INFORMATION GIVEN >>
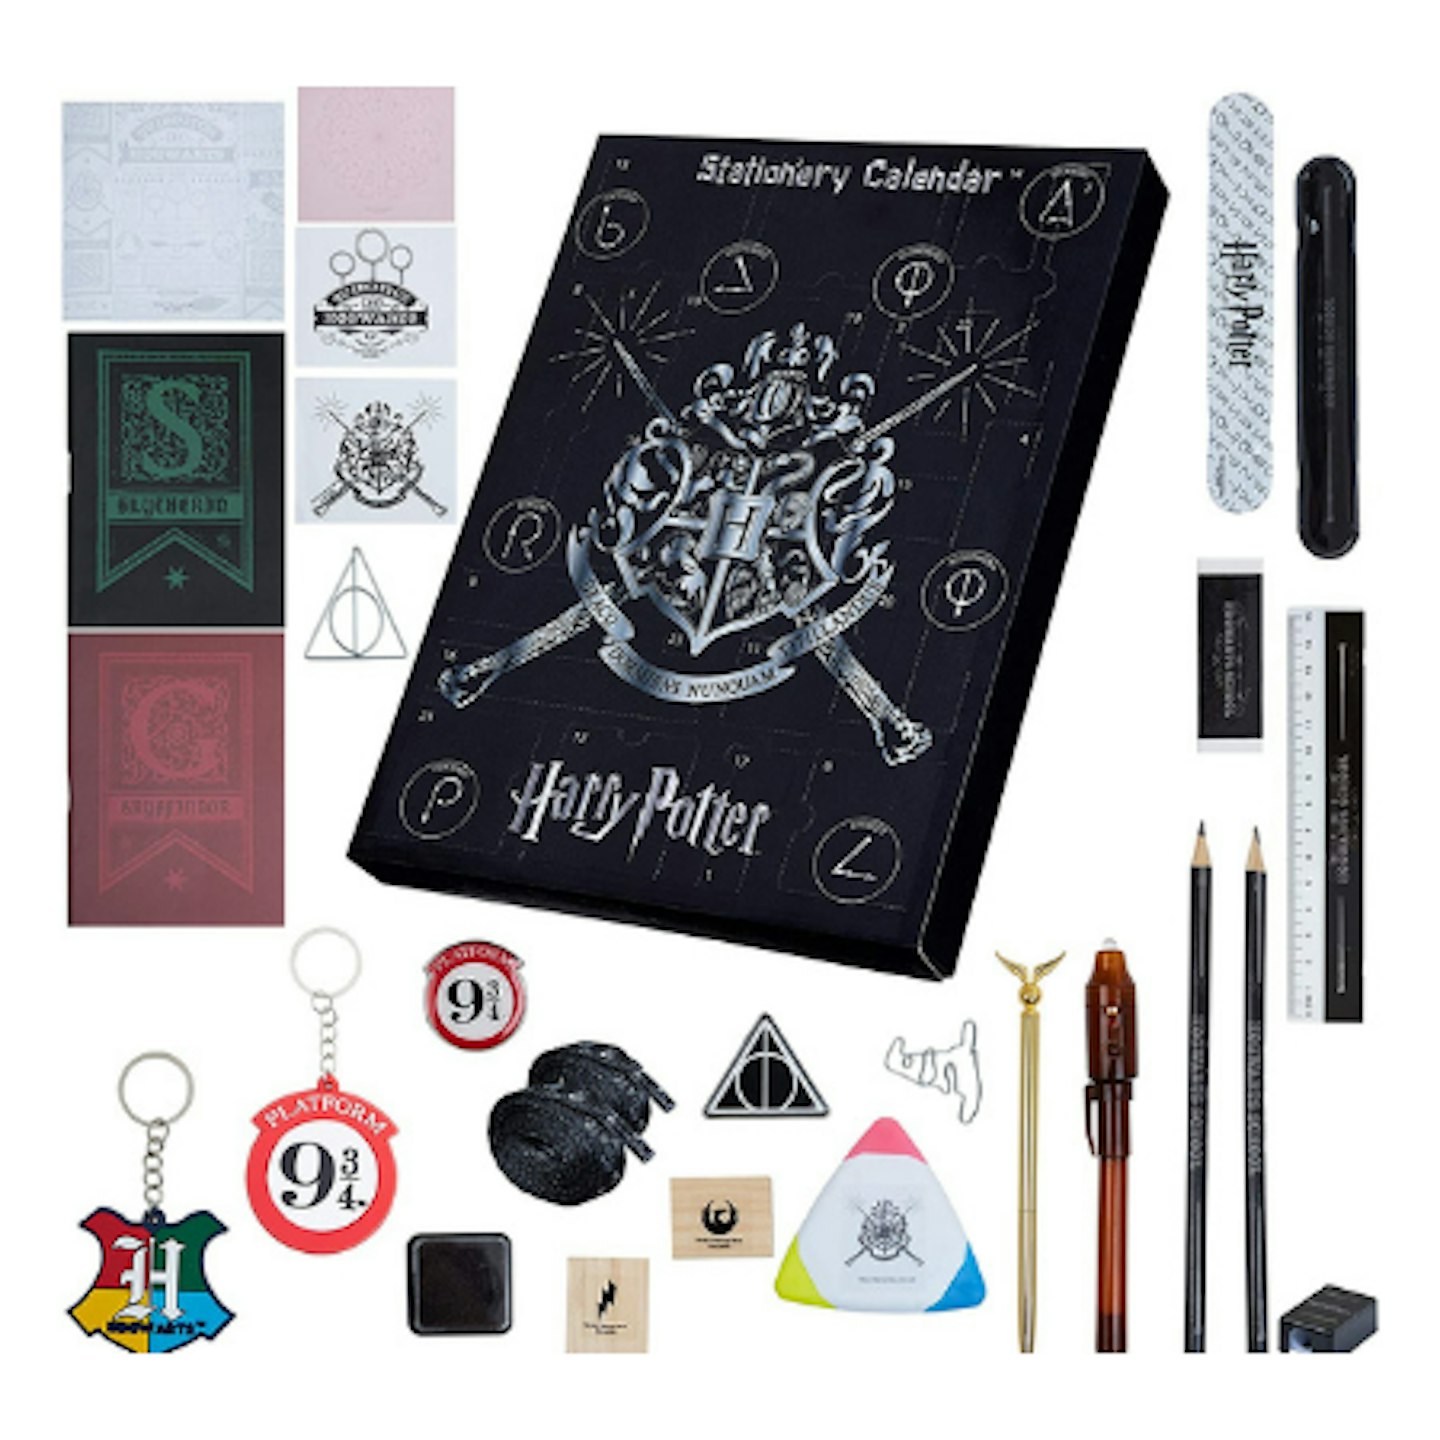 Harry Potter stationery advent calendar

==

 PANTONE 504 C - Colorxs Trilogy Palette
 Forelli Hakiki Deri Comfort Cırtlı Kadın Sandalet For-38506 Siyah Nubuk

YOUR INSTRUCTIONS >> Go through the material above and output exactly the lines from the one containing "PANTONE 504 C - Colorxs Trilogy Palette" through the one containing "Forelli Hakiki Deri".

EXERCISE RESPONSE >>
 PANTONE 504 C - Colorxs Trilogy Palette
 Forelli Hakiki Deri Comfort Cırtlı Kadın Sandalet For-38506 Siyah Nubuk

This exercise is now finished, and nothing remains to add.